1

I'm training a neural network (doesn't matter which one) on CIFAR-10 dataset. I'm using Federated Learning:

  • I have 10 models, each model having access to its own part of the dataset. At every time step, each model makes a step using its own data, and then the global model is an average of the model (this version is based on this, but I tried a lot of options):
def server_aggregate(server_model, client_models):
    global_dict = server_model.state_dict()
    for k in global_dict.keys():
        global_dict[k] = torch.stack([client_models[i].state_dict()[k].float() for i in range(len(client_models))], 0).mean(0)
    server_model.load_state_dict(global_dict)
    for model in client_models:
        model.load_state_dict(server_model.state_dict())
  • To be specific, each machine only has access to a data corresponding to a single class. I.e. machine 0 has only samples corresponding to class 0, etc. I'm doing it the following way:
def split_into_classes(full_ds, batch_size, num_classes=10):
  class2indices = [[] for _ in range(num_classes)]
  for i, y in enumerate(full_ds.targets):
    class2indices[y].append(i)

  datasets = [torch.utils.data.Subset(full_ds, indices) for indices in class2indices]
  return [DataLoader(ds, batch_size=batch_size, shuffle=True) for ds in datasets]

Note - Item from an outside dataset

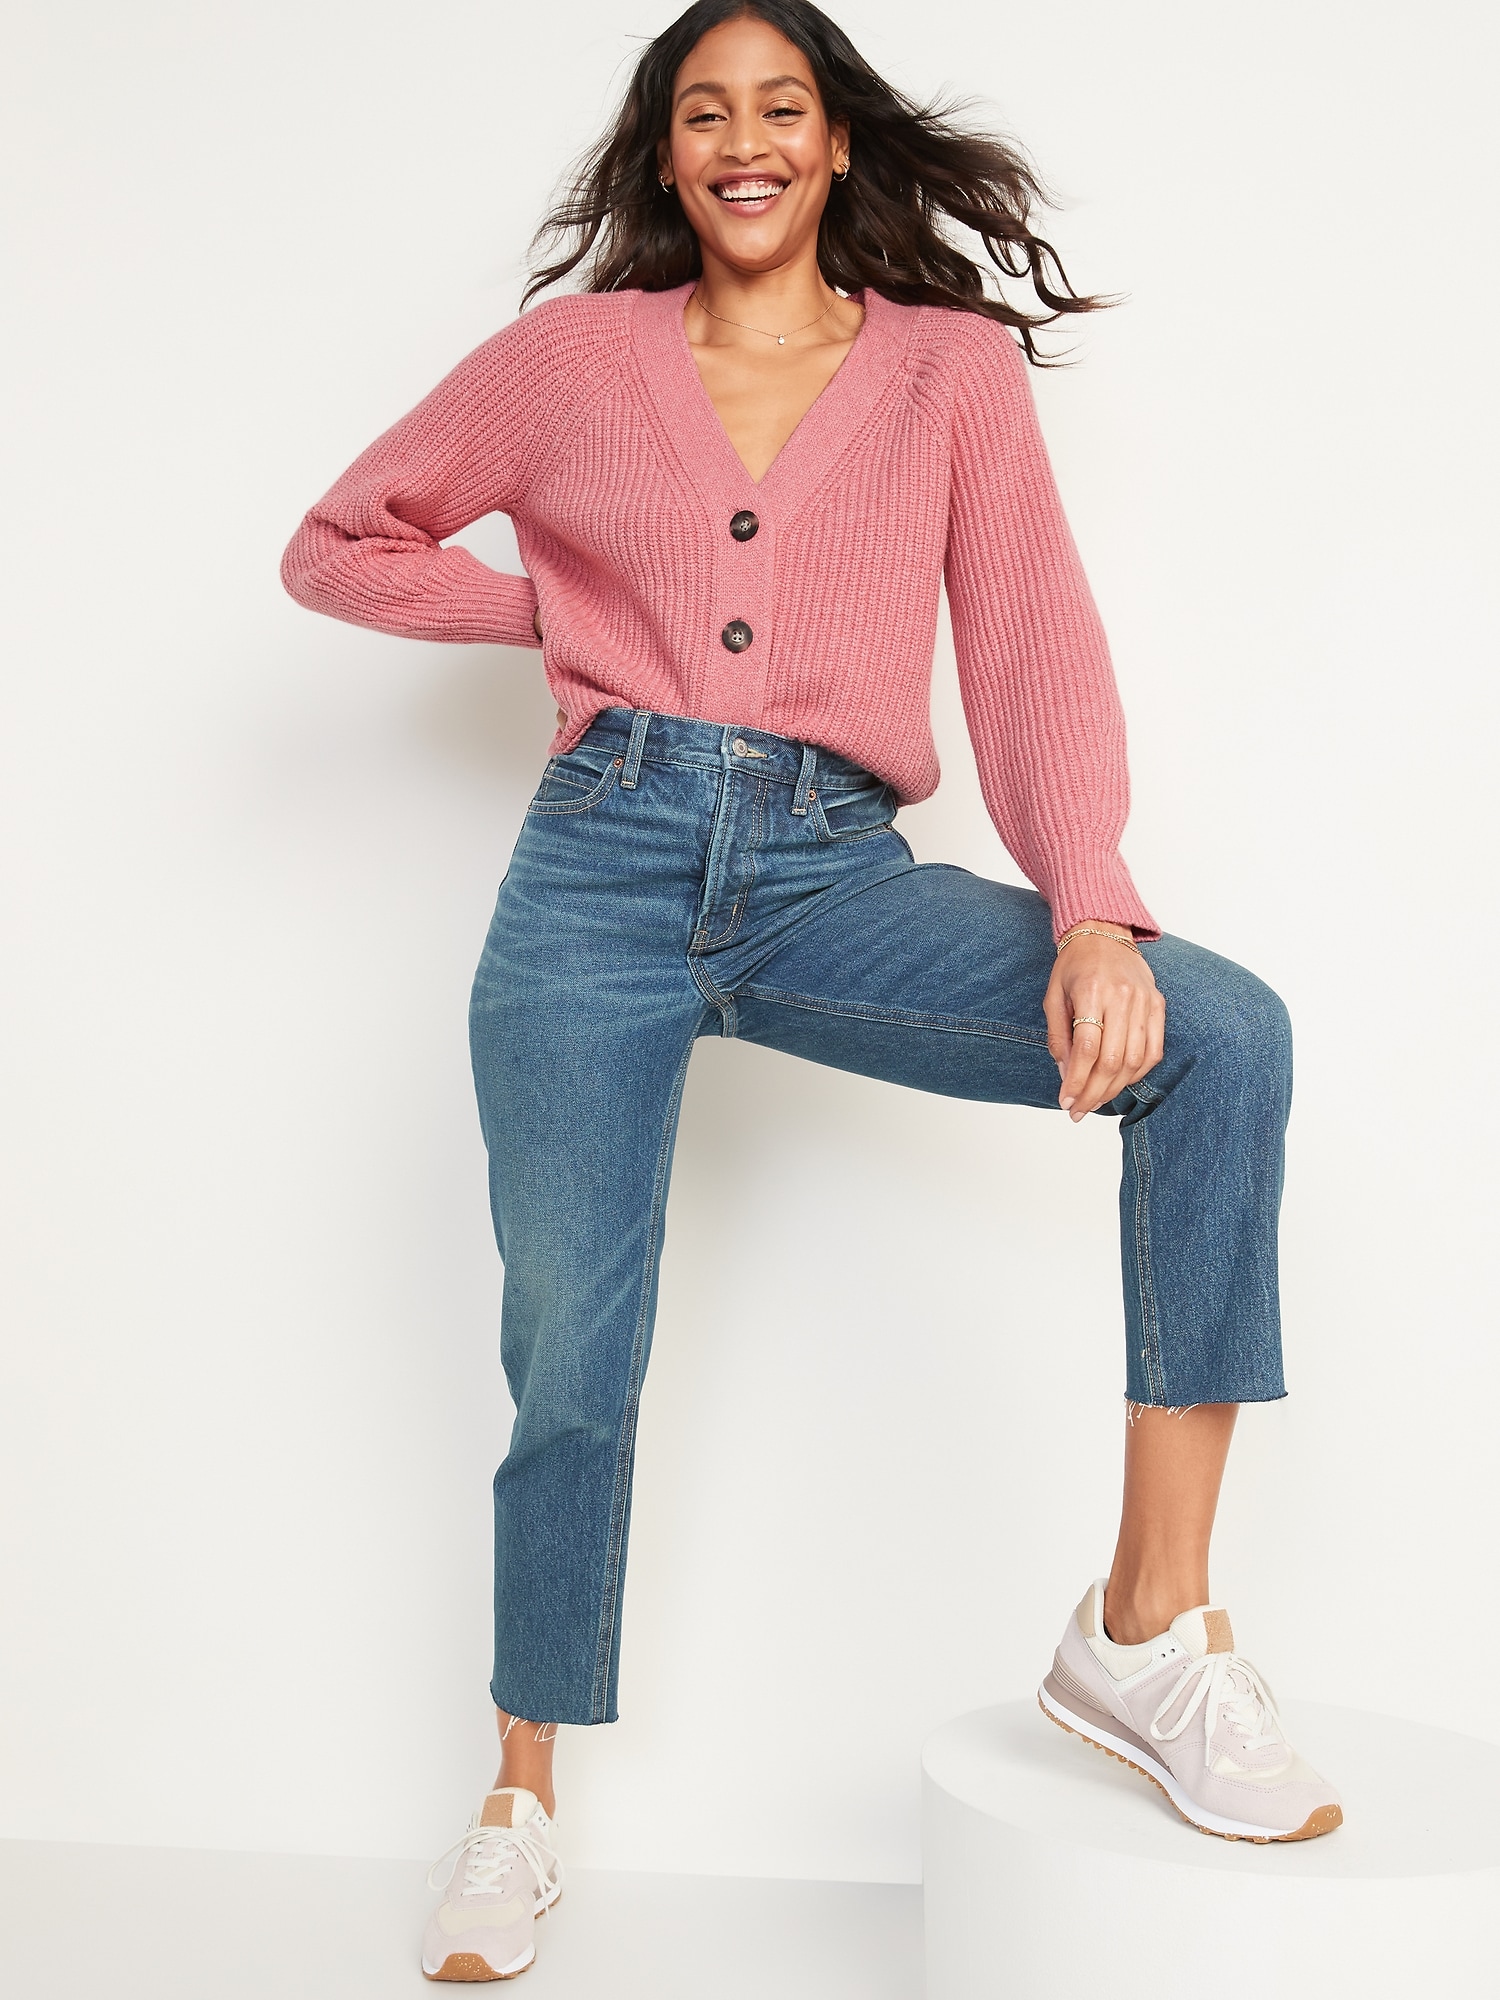 Brushed Shaker-Stitch Cardigan Sweater for Women | Old Navy

Problem. During training, I can see that my federated training loss decreases. However, I never see my test loss/accuracy improve (acc is always around 10%). Moreover, when I check accuracy on train/test datasets:

  • For the federated dataset, the accuracy improves.
  • For the testing dataset, the accuracy doesn't improve.
  • (Most surprising) for the training dataset, the accuracy doesn't improve. Note that this dataset is essentially the same as federated dataset, but not split into classes. The checking code is the following:
def epoch_summary(model, fed_loaders, true_train_loader, test_loader, frac):
  with torch.no_grad():
    train_len = 0
    train_loss, train_acc = 0, 0
    for train_loader in fed_loaders:
      cur_loss, cur_acc, cur_len = true_results(model, train_loader, frac)
      train_loss += cur_len * cur_loss
      train_acc += cur_len * cur_acc
      train_len += cur_len

    train_loss /= train_len
    train_acc /= train_len

    true_train_loss, true_train_acc, true_train_len = true_results(model, true_train_loader, frac)
    test_loss, test_acc, test_len = true_results(model, test_loader, frac)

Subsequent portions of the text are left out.